- Exercise objective: Your copy starts at the line containing "Crystal River in Lead King Basin" and ends at the last line below. Copy exactly, without pictures.

Start of Dataset section

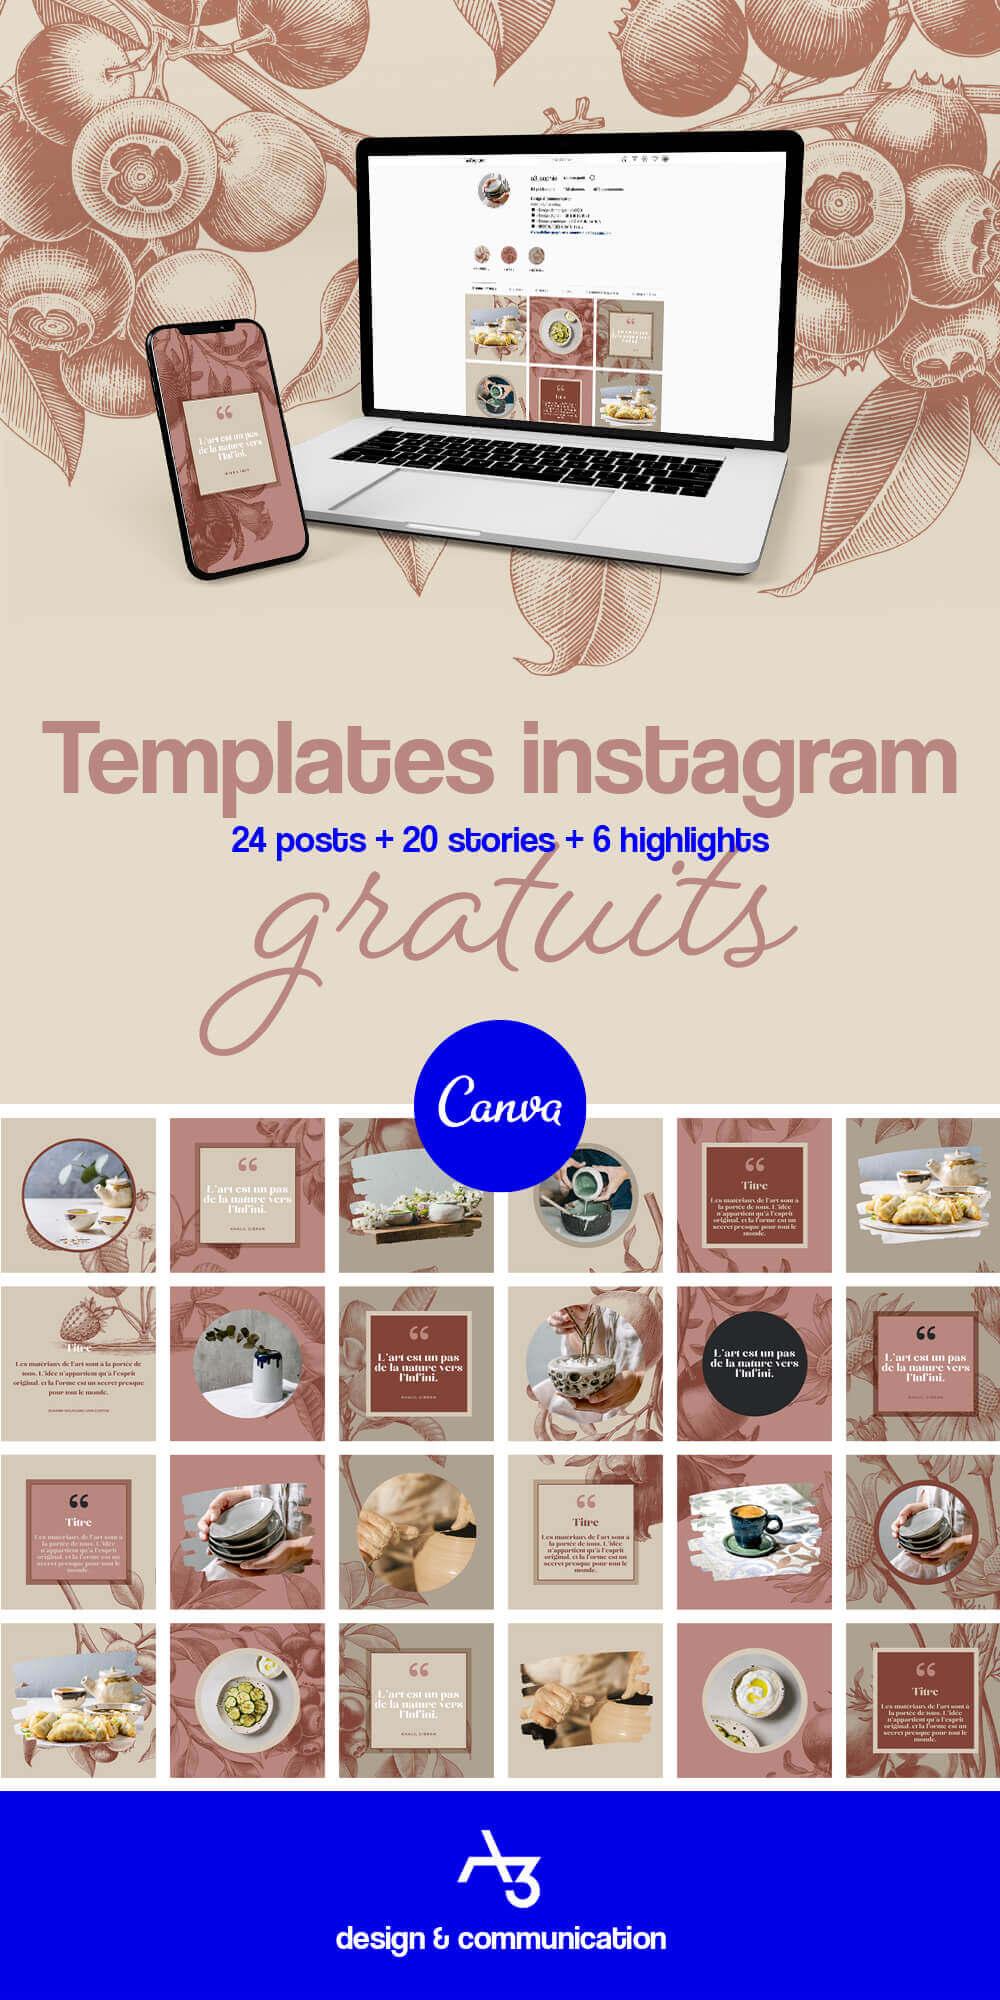 Templates instagram gratuits
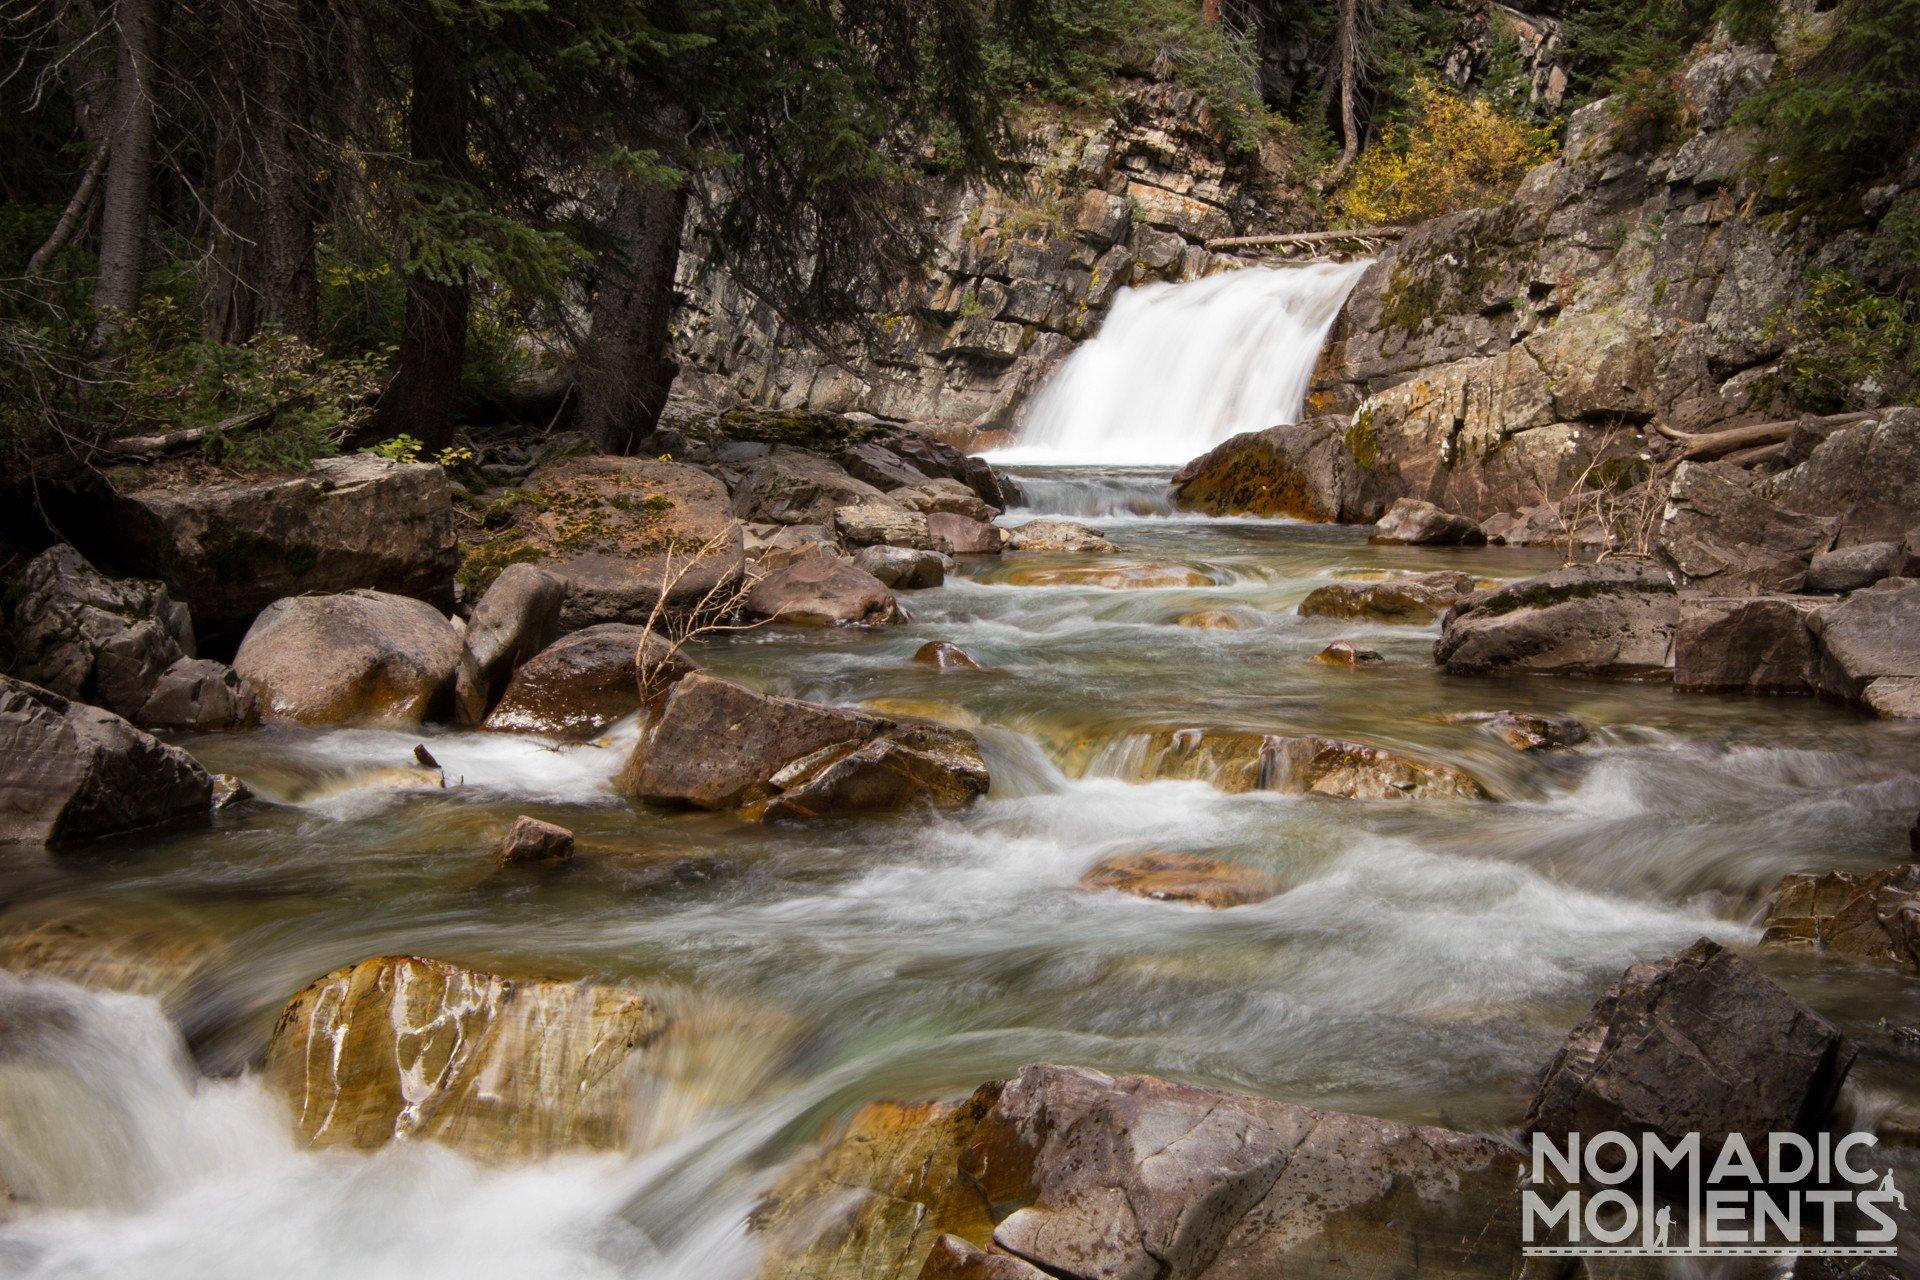 Crystal River in Lead King Basin
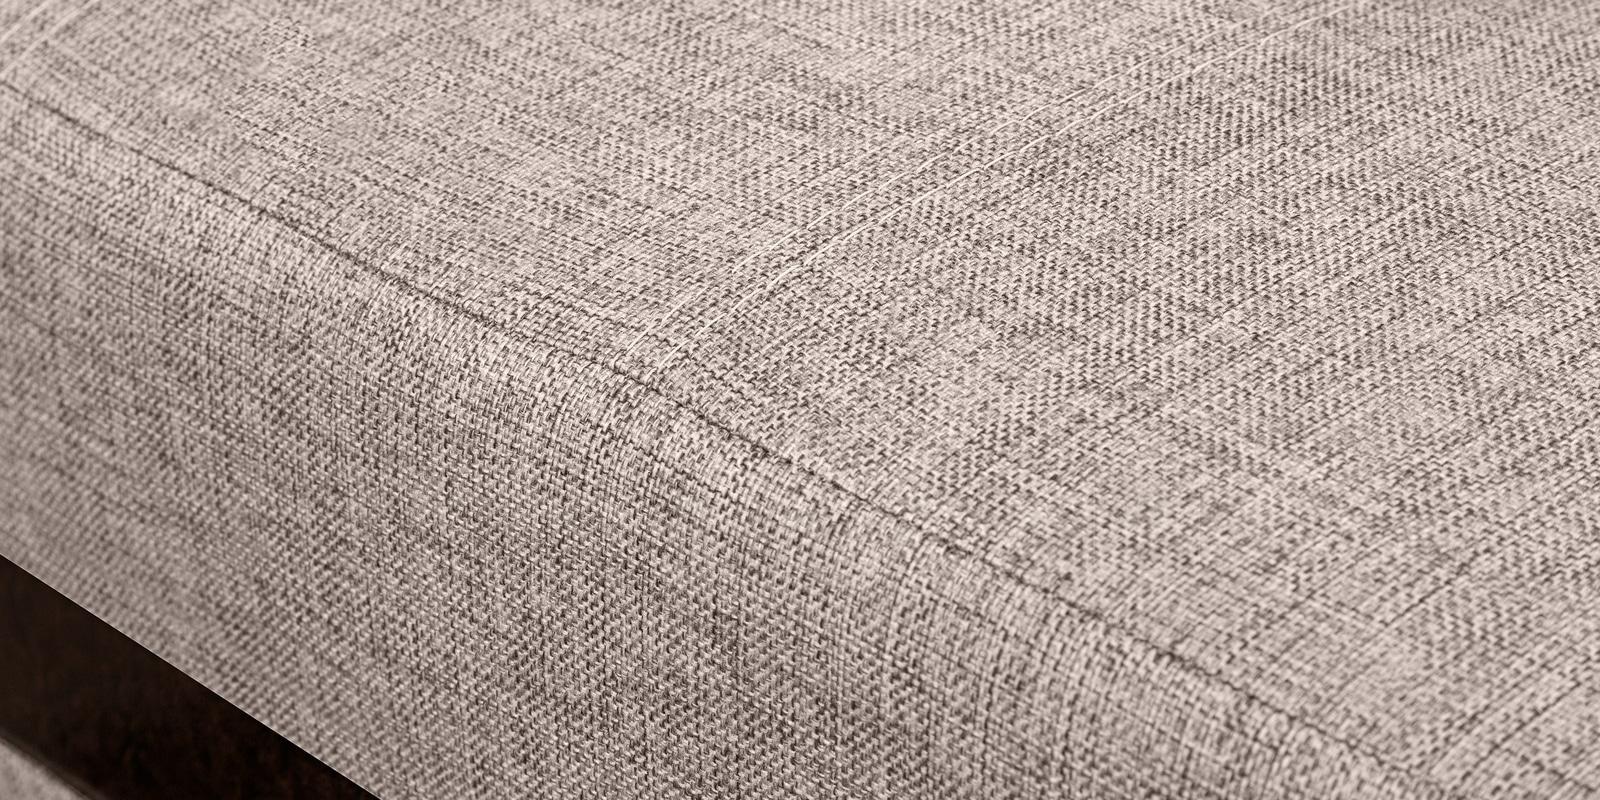 Угловой диван Атланта рогожка темно-бежевого цвета фото 7 | интернет-магазин Складно
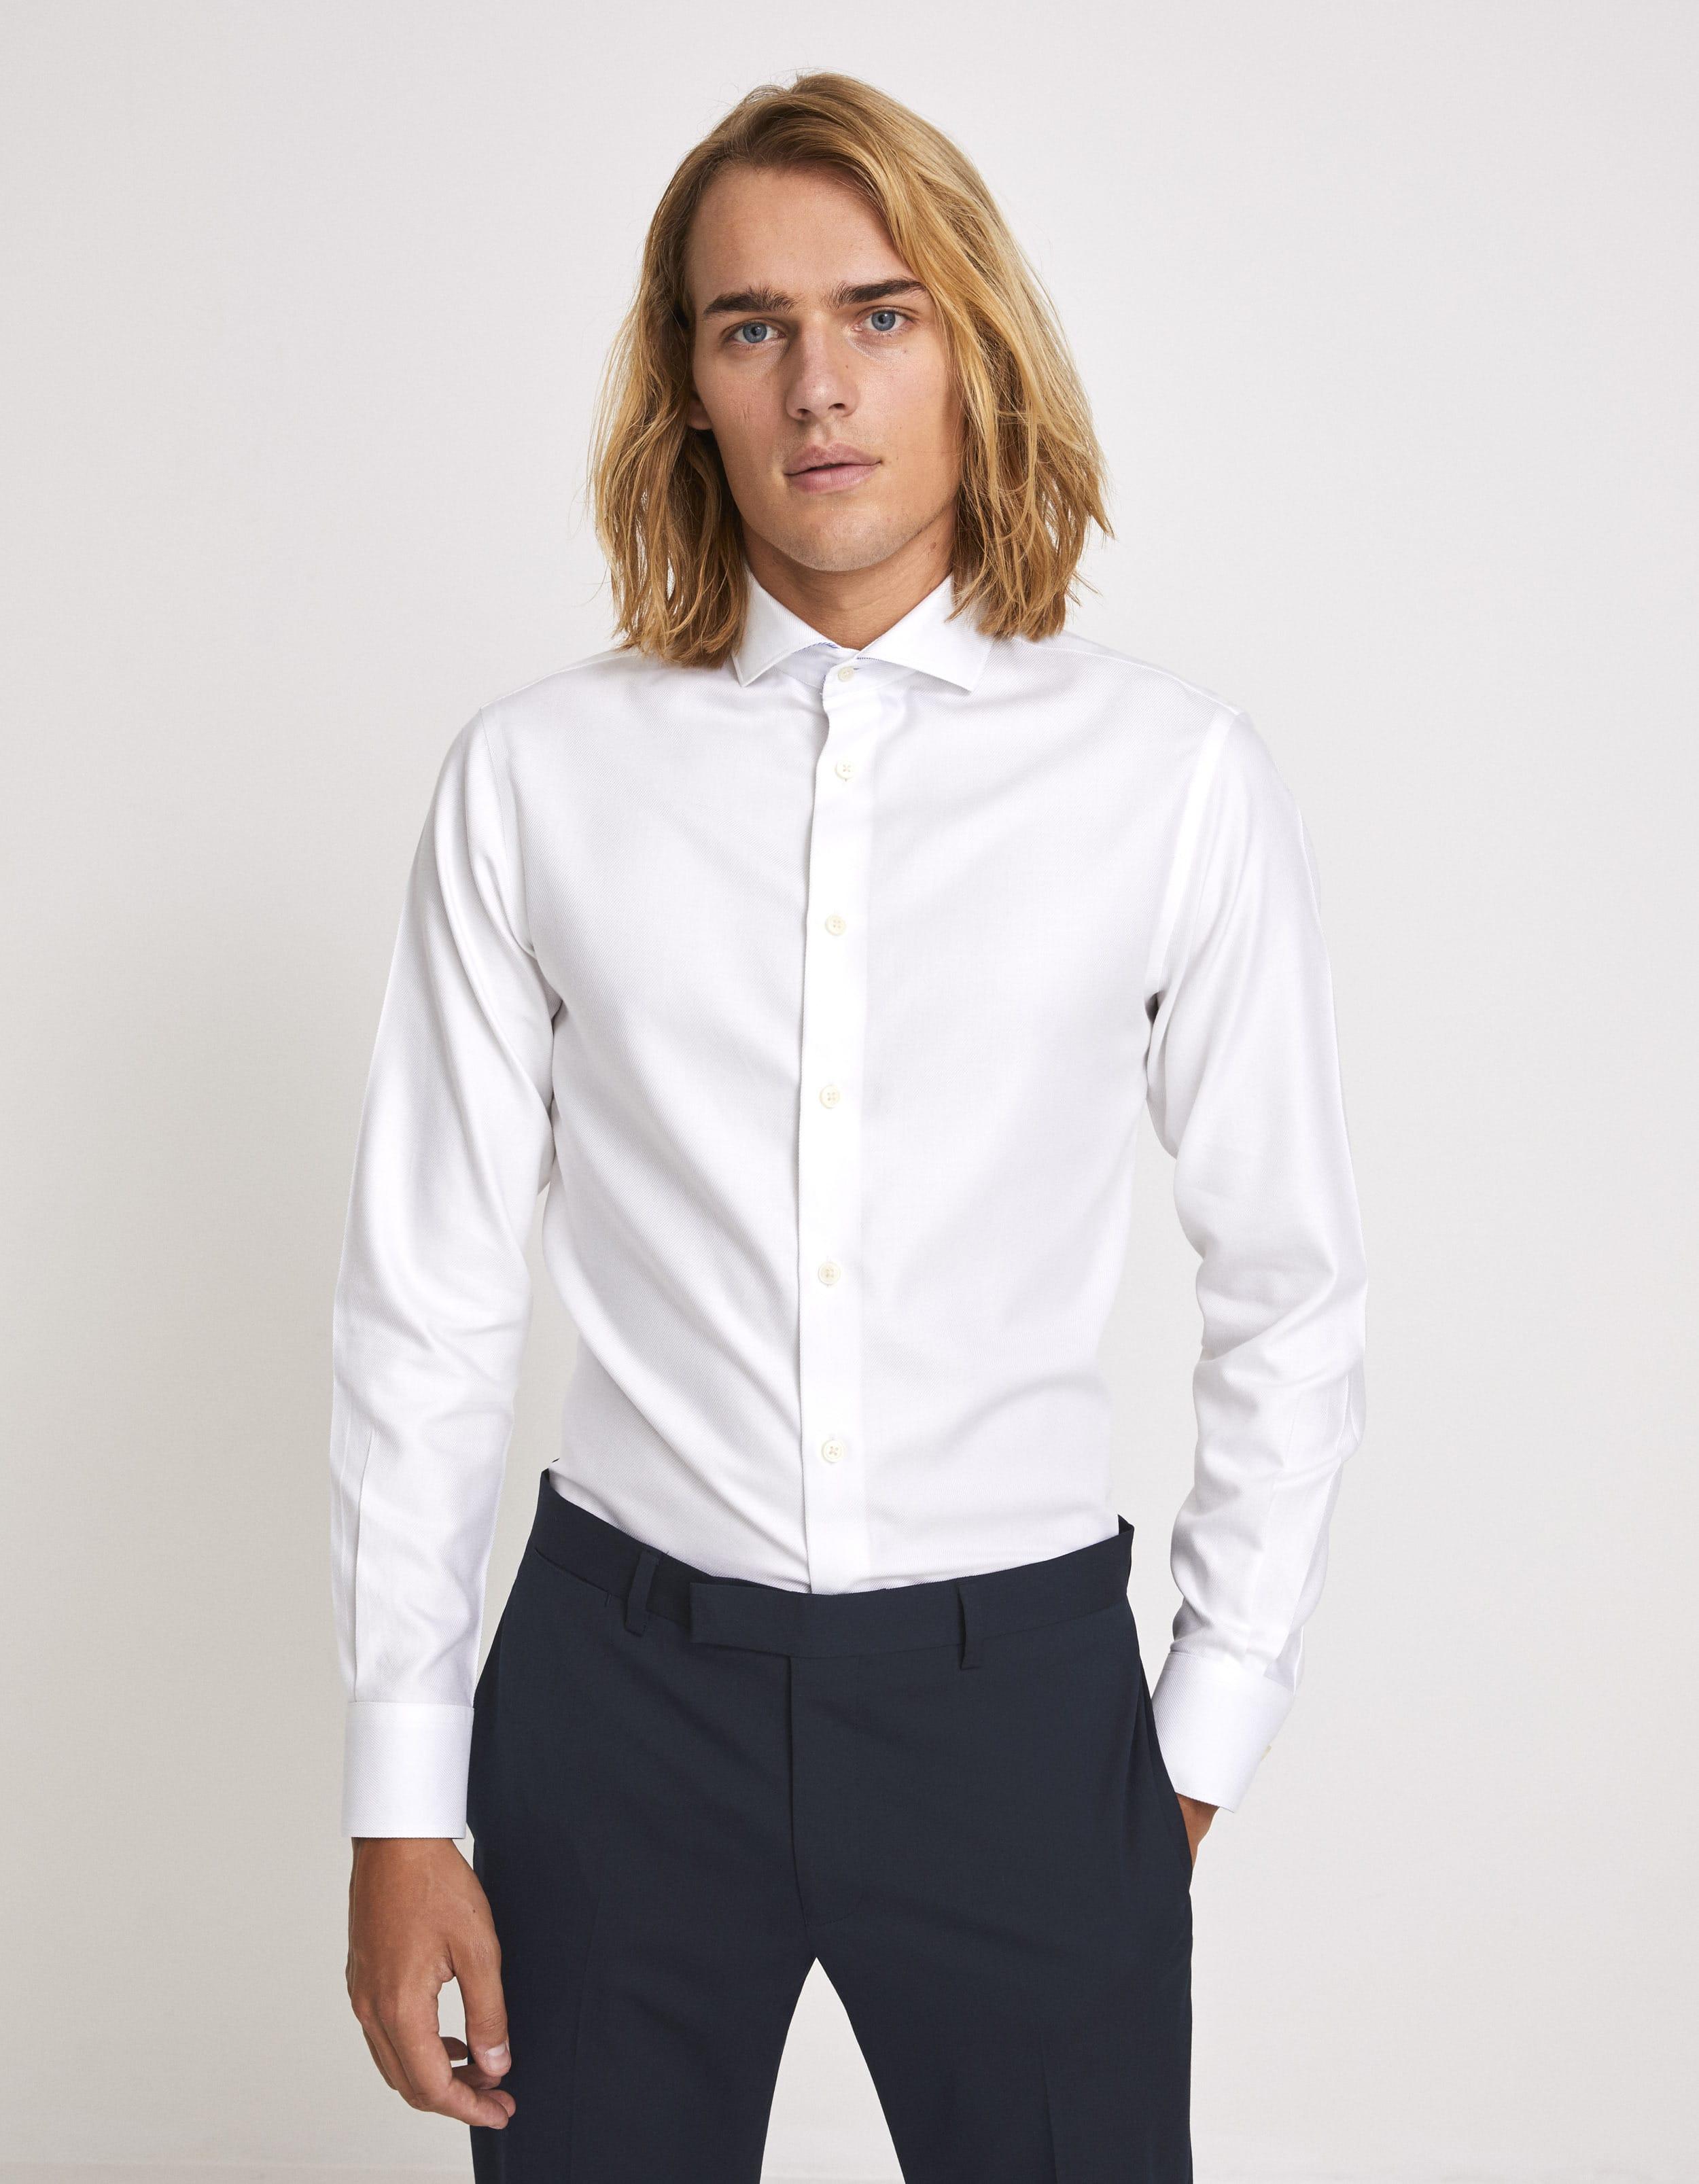 chemise slim sans repassage Prix 59,99 €

End of Dataset section

- Solution to this task:
 Crystal River in Lead King Basin
 Угловой диван Атланта рогожка темно-бежевого цвета фото 7 | интернет-магазин Складно
 chemise slim sans repassage Prix 59,99 €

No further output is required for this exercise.